_What this task involves_
Your answer should hold exactly the lines below from the line with "手工DIY 纸艺 手作 教程 教你手工制作巨型纸玫瑰" through the line with "Marni Slipper-mule In", both included, and no pictures at all.

━━━ Supplied material

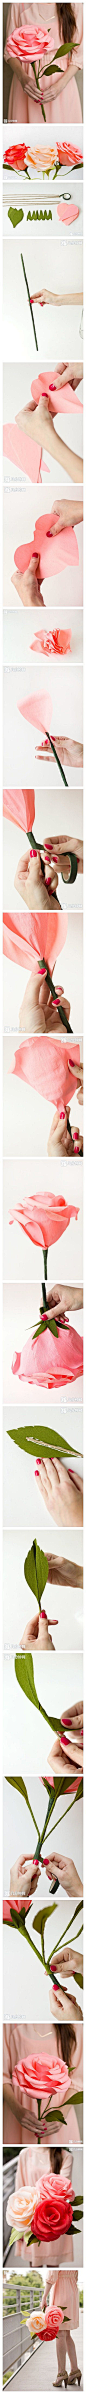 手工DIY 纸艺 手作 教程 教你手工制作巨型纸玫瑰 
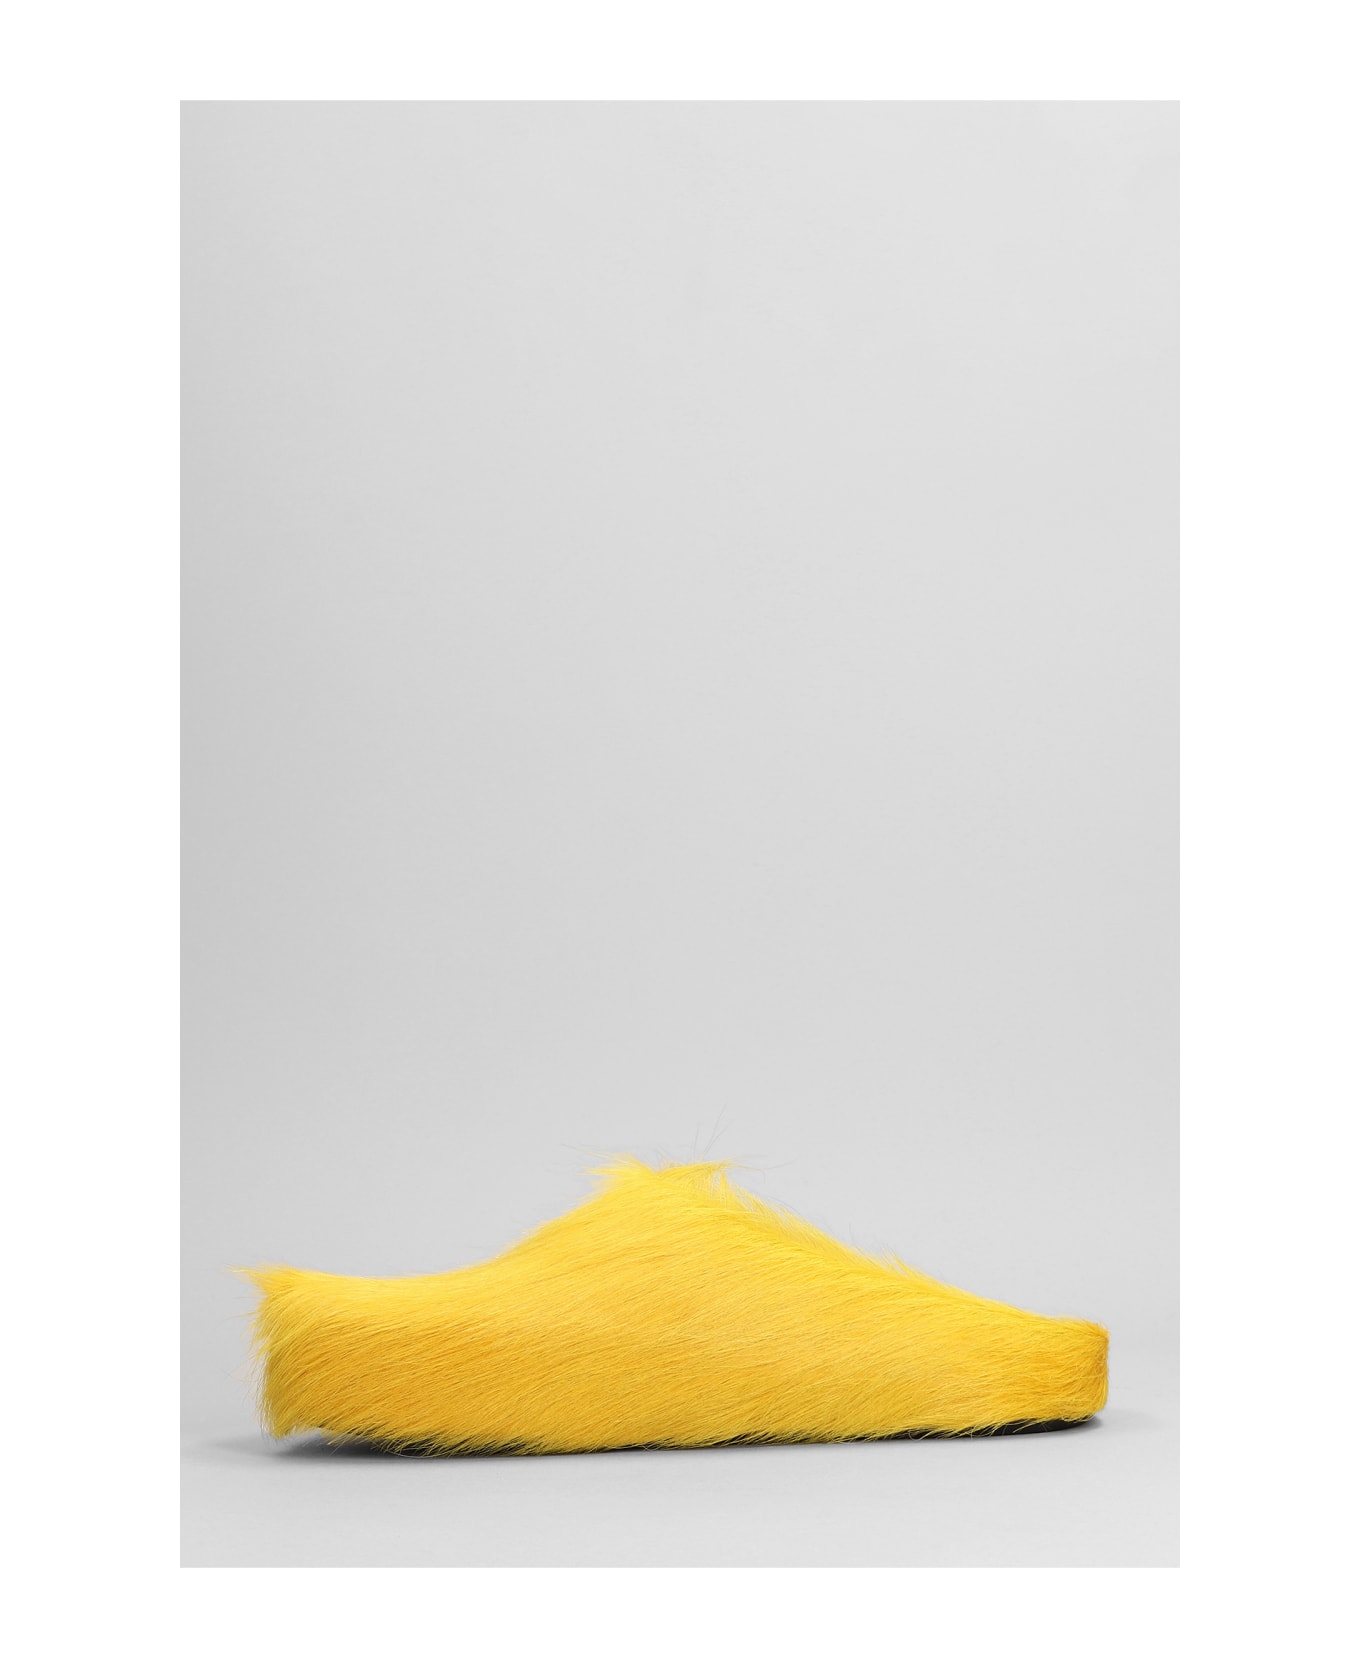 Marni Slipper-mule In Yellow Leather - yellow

━━━━━━
━━━ Supplied material

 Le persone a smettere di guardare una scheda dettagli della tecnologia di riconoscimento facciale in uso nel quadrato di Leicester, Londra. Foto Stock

━━━━━━

_Final answer_
 手工DIY 纸艺 手作 教程 教你手工制作巨型纸玫瑰 
 Marni Slipper-mule In Yellow Leather - yellow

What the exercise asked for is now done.